On Tue, Jan 19, 2010 at 04:04:07PM -0800, Russ Allbery wrote:
> > hu? since when do we have a broader interest in people patching and
> > rebuilding packages? I know that there are *some* people interested in
> > that (me included) but I don't see that a broader audience wants to
> > support that.
> 
> Uh, since as long as I've been part of the project.  I think this is at
> least the third time that I recall the same topic coming up on -devel.

Wow. How often a topic comes up on -devel is an indicator how
representative a given idea is in the whole developer body?
It might be a sign that the people who want it tend to ask for it
a lot.

> > Apart from this it seems quiet illusionary to support every possible
> > circumstance under which a dirty build environment could affect a build.
> 
> For the most part, these problems are caused by Autoconf scripts that
> automatically detect features during the configure stage of the build.
> For the most part, Debian wants to enable all of those features anyway, so
> there isn't a serious problem.  In the cases where we don't, there is
> usually an explicit --disable-X or --without-X flag that can be given to
> configure.  Where there isn't, that's an upstream bug that is usually
> worthwhile to work with upstream to fix.

Well, I can't tell if most packages use autoconf. Probably they do.
But there are plenty of other build systems around, all with its own
caveats. So my statement "... illussionary to support /every/ possible
circumstance ..." is still true. That does not mean that we shouldn't
fix such bugs if they arise (obviously we should) but having priority
on it is a different thing.

> This really isn't that horribly difficult in most cases.  In cases where
> it is difficult, Build-Conflicts can be used to ensure a reasonable build
> environment when a package would otherwise insist on picking up an
> incorrect dependency.  In some pathological cases, it may be difficult
> enough to not be worth it, but in that case I think it's a wontfix bug,
> not a non-bug.
> 
> > Bug or not: For the binary packages we provide (which is after all still
> > the main priority as a binary distribution) we really want that they are
> > built properly in either case. So providing a build environment as clean
> > as it could be is really a good thing.
> 
> sbuild has never provided this in the history of the project.  I really
> have to question the emphasis put on this given that we've lived for all
> these years without having that and by fixing the packages to do the right
> thing.

Eh.. what? I'm using sbuild to build my packages before uploading them
locally. It uses schroot and schroot supports LVM snapshots.
Which is what I'm using. Probably it has never been deployed on our
buildds but that has nothing to do with what sbuild can provide.
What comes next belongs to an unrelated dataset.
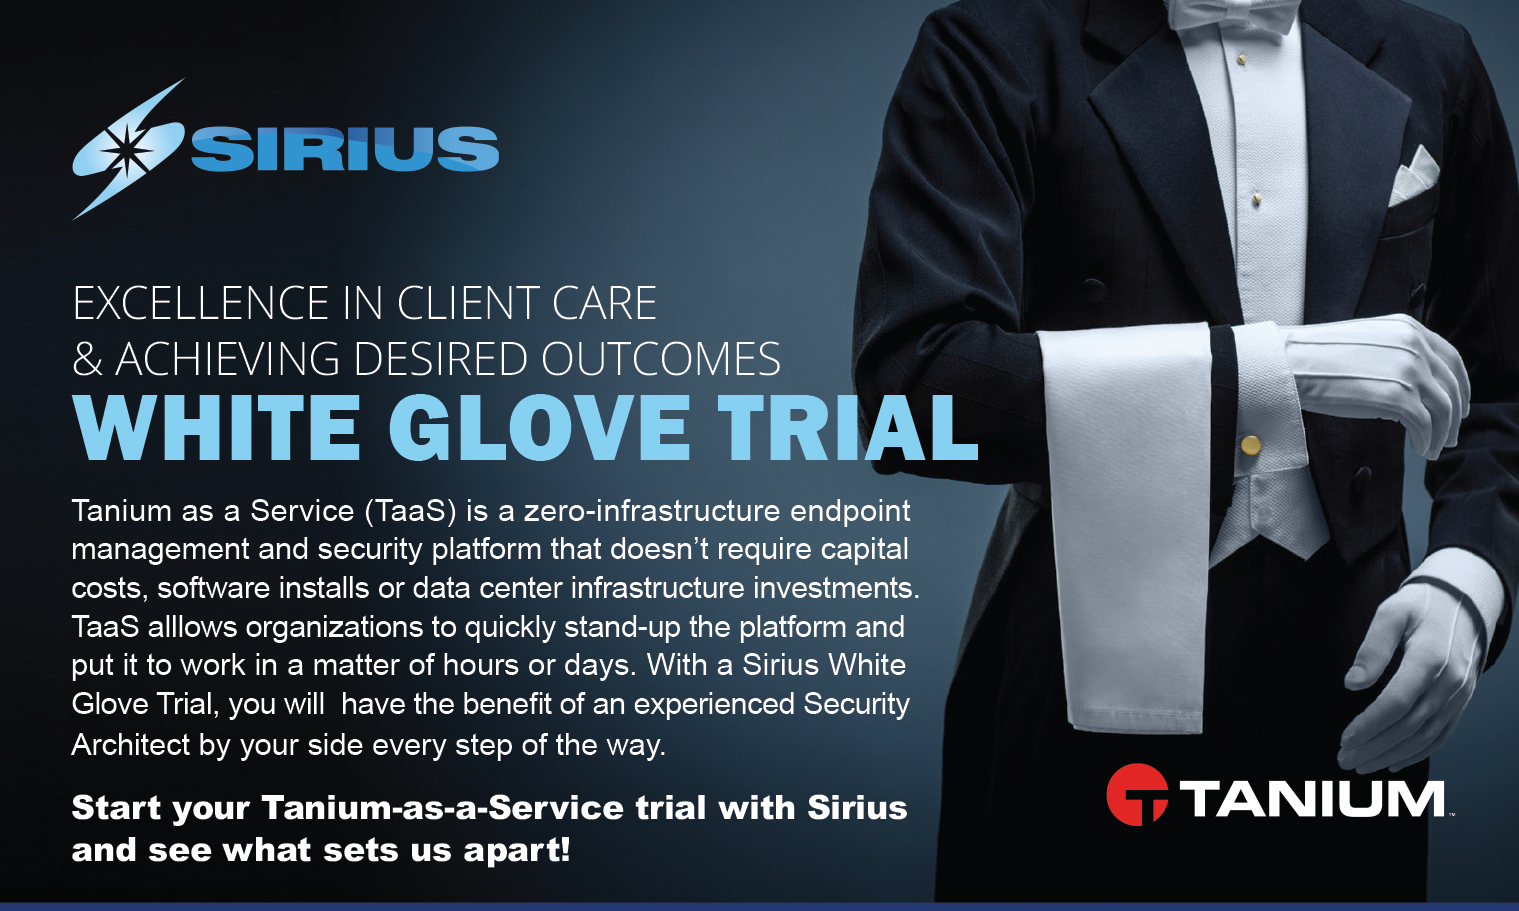 Excellence in client care & achieving desired outcomes: Whit Glove Trial

> >> People do occasionally test whether packages rebuild properly in dirty
> >> environments and file bugs when they don't.  Being absolutely certain it
> >> will always work is, of course, hard, but I think fixing the bug when we
> >> detect it is the right idea, rather than treating it as a bug in the build
> >> environment.
> 
> > Rebuild tests in dirty environments? I'm aware of rebuild tests in clean
> > environments to make sure that build-depends are fine etc. but I never
> > heard of such efforts. Could you give a pointer to that?
> 
> http://lists.debian.org/debian-devel/2008/01/msg00869.html
> 
> It was the second hit in Google for the obvious search.  There was a long
> thread that worked through some of the problems with the initial method of
> checking, and there is further discussion of this same question there (why
> do we want this, shouldn't we just always use clean build environments,
> etc.).

Oh, well, after I read the link I even remember it. Yes, if we are aware
of problems there is reason to fix them. That doesn't mean that we
should always build in dirty chrooots, though.